Four were NCPS variants,
three were cycling awareness and one was cycling awareness with some instruction.
Having confirmed the conclusions of the 1979 study, the 1996 one made two further conclusions.
Firstly, training delivered over at least three weeks or in levels over a number of years
was more effective at producing child cyclists assessed as safe than intensive training.
Secondly, cycling awareness was more effective than instruction.
The study also noted that "... between 275,000 and 300,000 children receive NCPS or similar training each year."
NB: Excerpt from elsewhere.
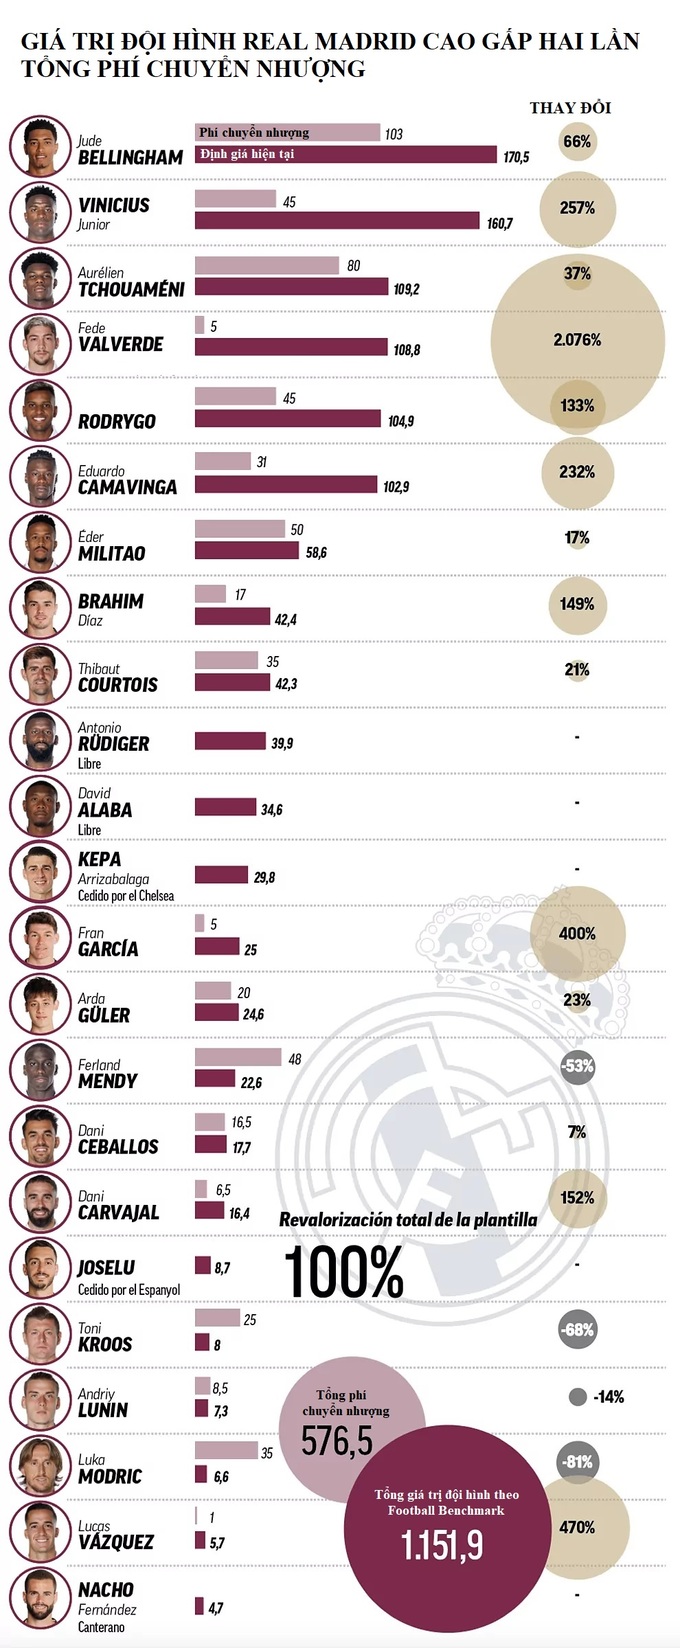 Hầu hết các thành viên của Real Madrid đều tăng giá theo Football Benchmark.
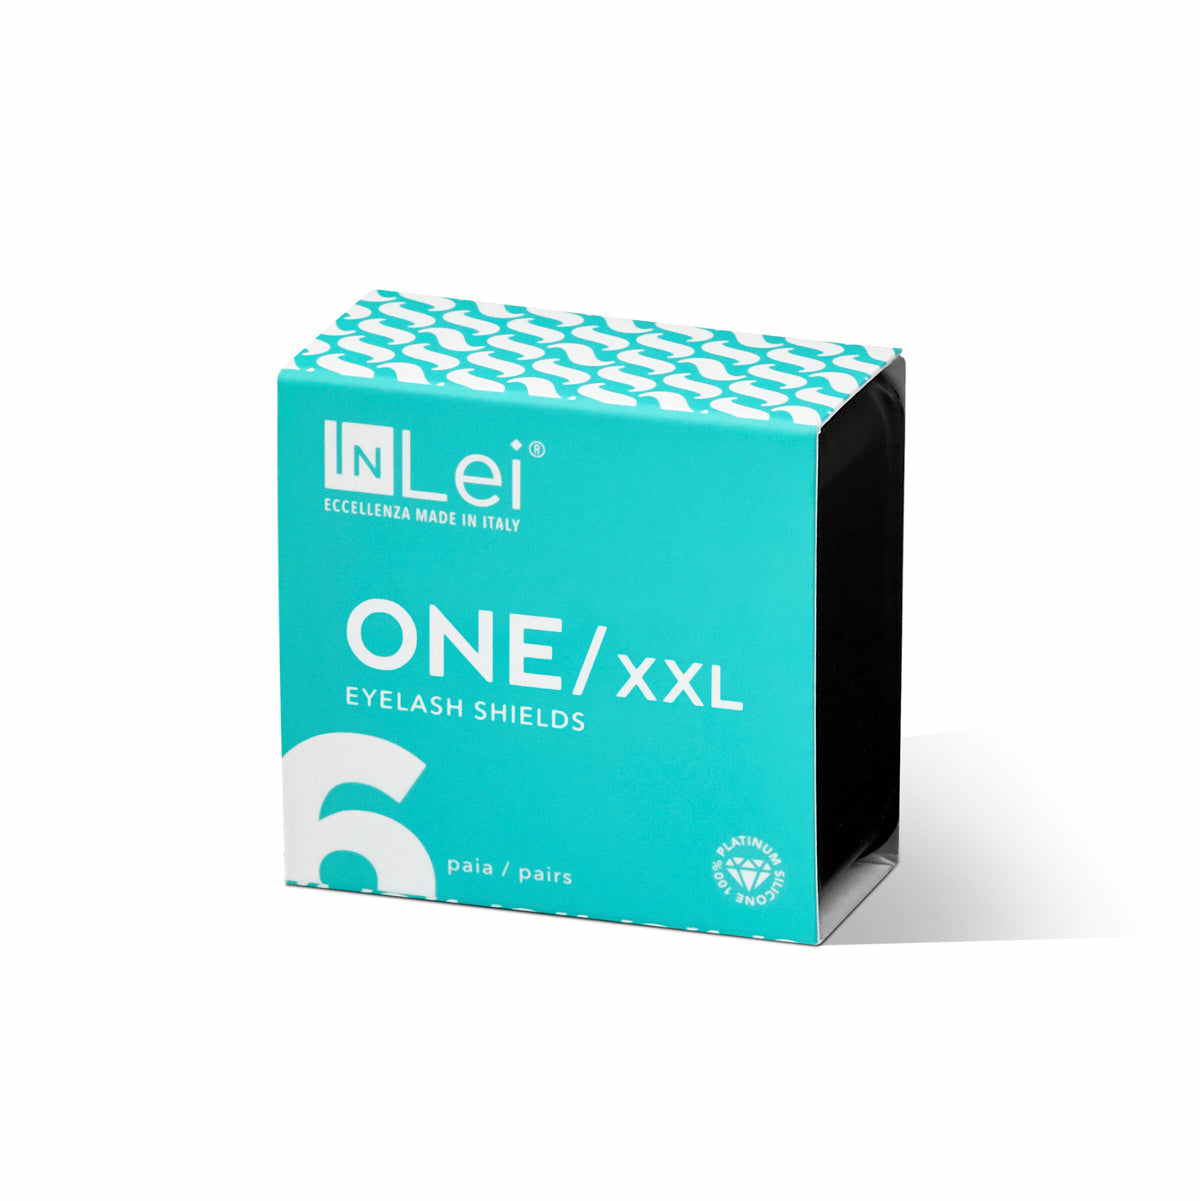 InLei® "ONE" - Silicone Shields Size XXL

and about 40% of children aged under twelve years had been trained.

By the mid-2000s, the proportion of children who had received cycle training was down to 25%.
The newly developed Bikeability programme was described as cycling proficiency for the 21st century.
England and Scotland replaced existing schemes, including the NCPS, with Bikeability in 2007 and 2010 respectively.
Bikeability aligned with the National Standard for Cycle Training (NSCT) published in 2018.

Bikeability has three levels allowing children to progress from simulated roads to
busy public roads with complex junctions and fast traffic once they reach secondary school.
Cycling proficiency schemes are still offered in Northern Ireland and Wales
although Welsh local authorities are replacing the NCPS with NSCT aligned programmes.